HSIL Limited, India’s leading packaging and building products manufacturing company, has announced its financial results for the third quarter ended on December 31, 2020.
Total income for the third quarter of FY2021 was Rs 548 crore compared to Rs 494 crore in the same quarter last year, a growth of 10.8 percent on a Y-o-Y basis. Despite the ongoing Covid-19 crisis, sales rebounded successively in the third quarter driven by improved average realizations, improved product mix, and a strong recovery in volumes underpinned by robust demand from the alcoholic beverage industry. Packaging products reported revenue from operations of Rs 361 crore, a growth of 15.2 percent on a Y-o-Y basis while building products reported revenue from operations of Rs 179 crore, a growth of 29.8 percent on a Y-o-Y basis.
HSIL reported an EBITDA of Rs101 crore with EBITDA margins improving to 18.4 percent as compared to 15.0 percent in Q3FY2020. The margin improvement was driven by improved capacity utilization levels coupled with optimized sourcing of key raw materials. Adjusted PAT margins were 6.6 percent in Q3 FY2021 as compared to 3.2 percent in Q3 FY2020 and 5.0 percent in Q2 FY2021. The income tax writebacks of Rs 14.7 crore in Q2 FY2021 resulted in higher profit after tax during that period.
During the quarter, company also completed the buy-back of 7.59 million shares for an amount aggregating to Rs 63.9 crore. The company has utilized 91.32 percent of the maximum buy back size excluding the transaction costs, as per regulatory provisions.
In packaging products, sales recovered very well with volumes driven largely by the beer, food & beverage industry. Due to optimized sourcing of key raw materials and higher capacity utilization, EBIT margins improved to 17.6 percent in Q3 FY2021 from 14.2 percent in Q3 FY2020. During the quarter, 46 new products were developed, and 13 new products were also commercialized. In building products, post Covid-19 lockdowns, all the plants are now operational and the capacity utilization levels have improved sequentially.
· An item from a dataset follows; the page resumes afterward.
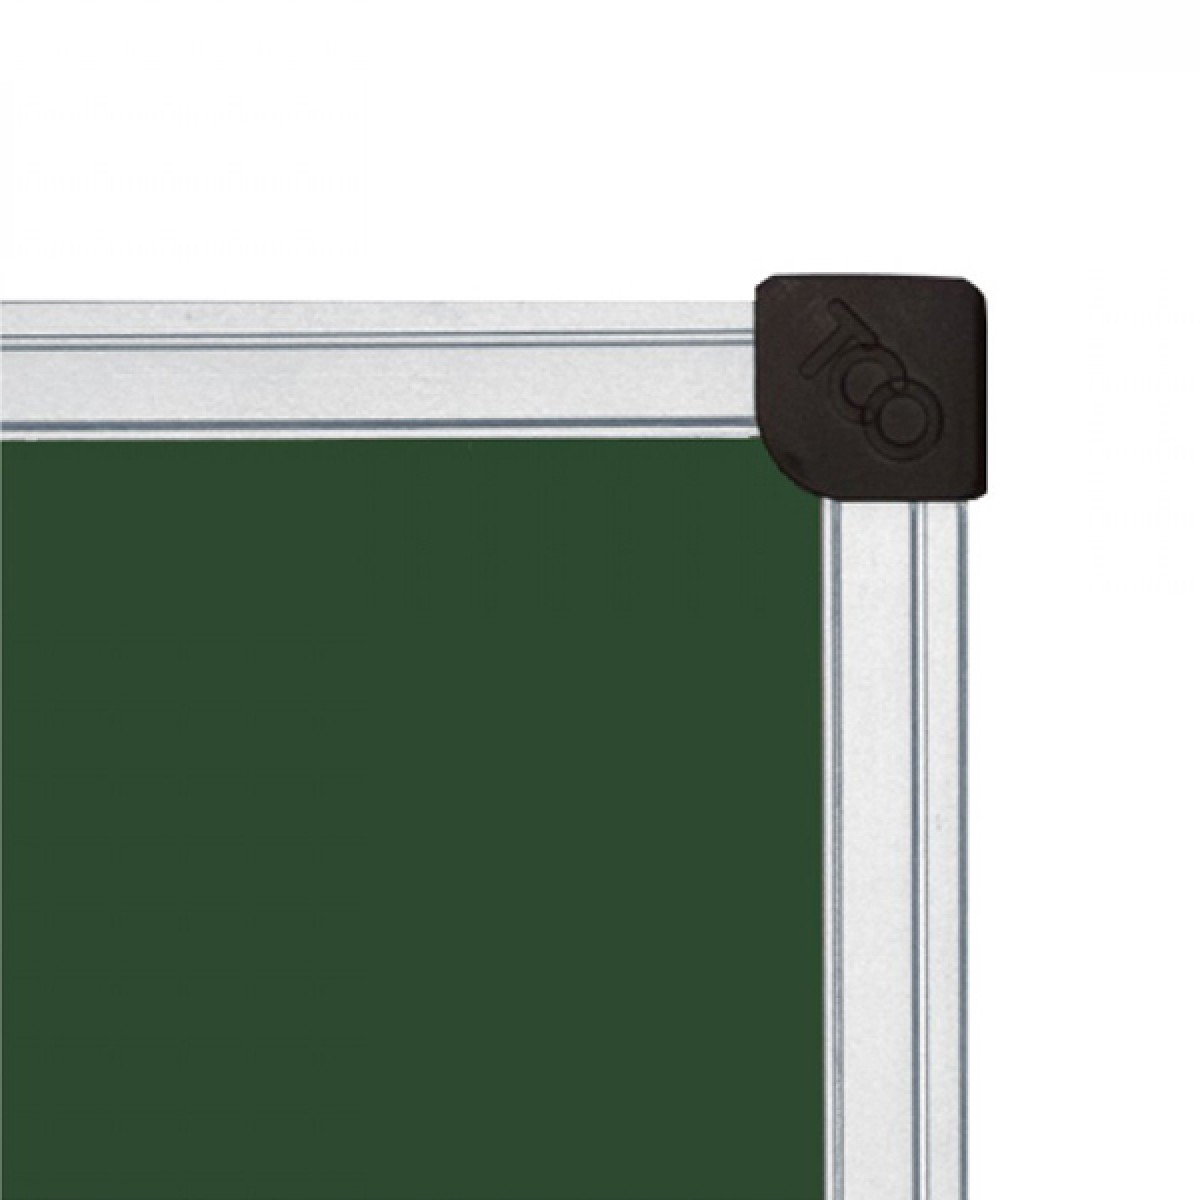 Chalkboard 4000*1000 mm, "Standard", 7-surfaces
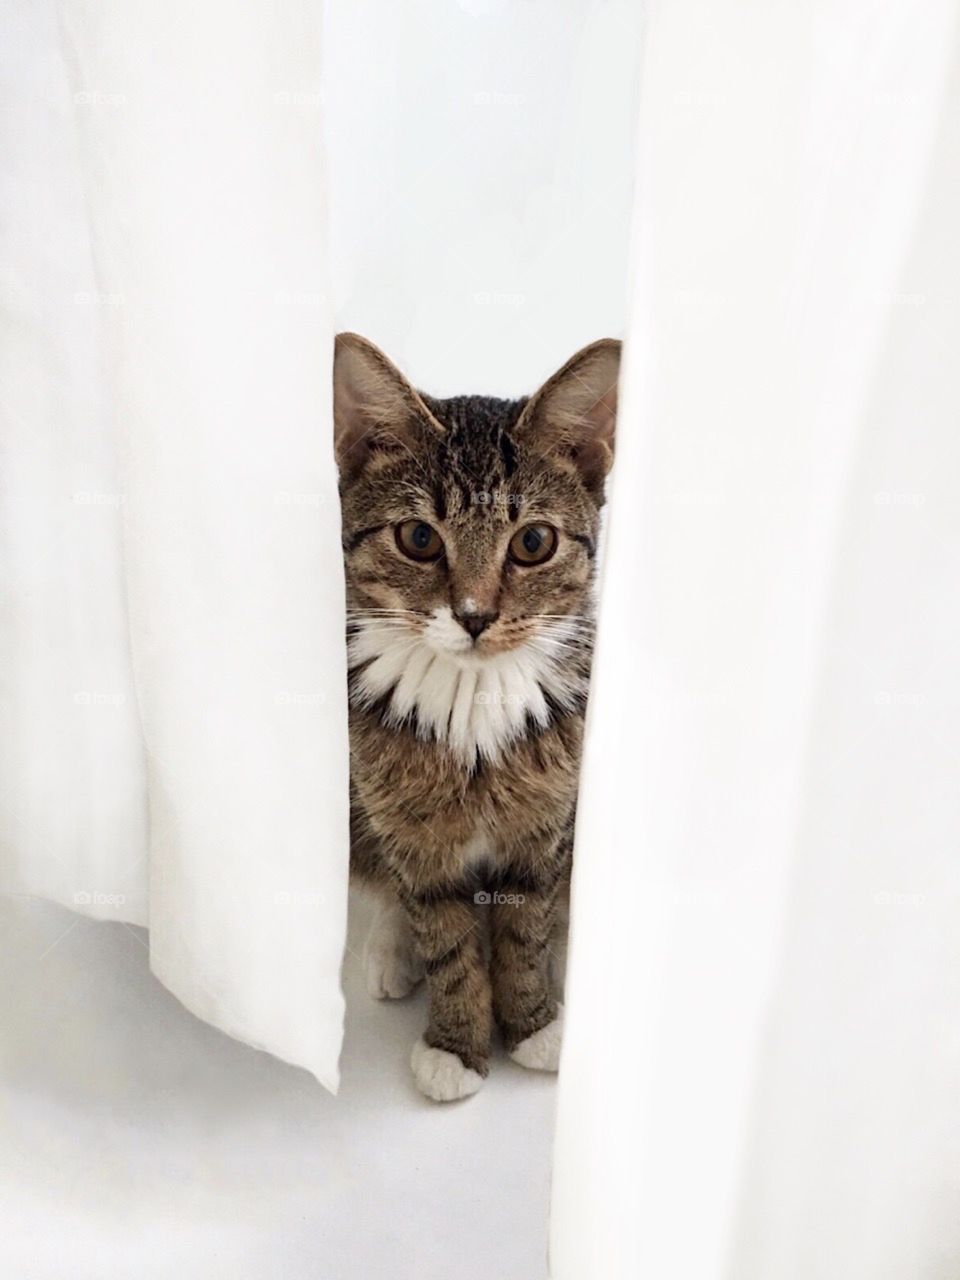 Tabby cat peeking through white shower curtain.

HSIL maintained its focus on packaging products business and the segment saw sales volumes growth during the quarter, reflecting consumers’ preference for quality and sustainable packaging alternatives. The company also aligned its operations to navigate successfully in the challenging environment and was able to generate strong results with the expectation of benefiting from operational efficiencies and cost reduction efforts in the longer run.
Commenting on the quarterly results, Sandip Somany, Vice Chairman and Managing Director, HSIL Limited, said, “For the quarter under review, HSIL Limited has delivered excellent results on the back of higher capacity utilization, operational efficiency, and cost optimization measures resulting in resilient margins. Our glass business continues to accelerate, while building products division reported another strong quarter of sustained growth.”
Given the strong demand and better opportunities in the glass packaging market, the company plans to invest Rs 220 crore to manufacture high margin specialty glass with a manufacturing capacity of 150 tonnes per day which will be completed within the next 15 months.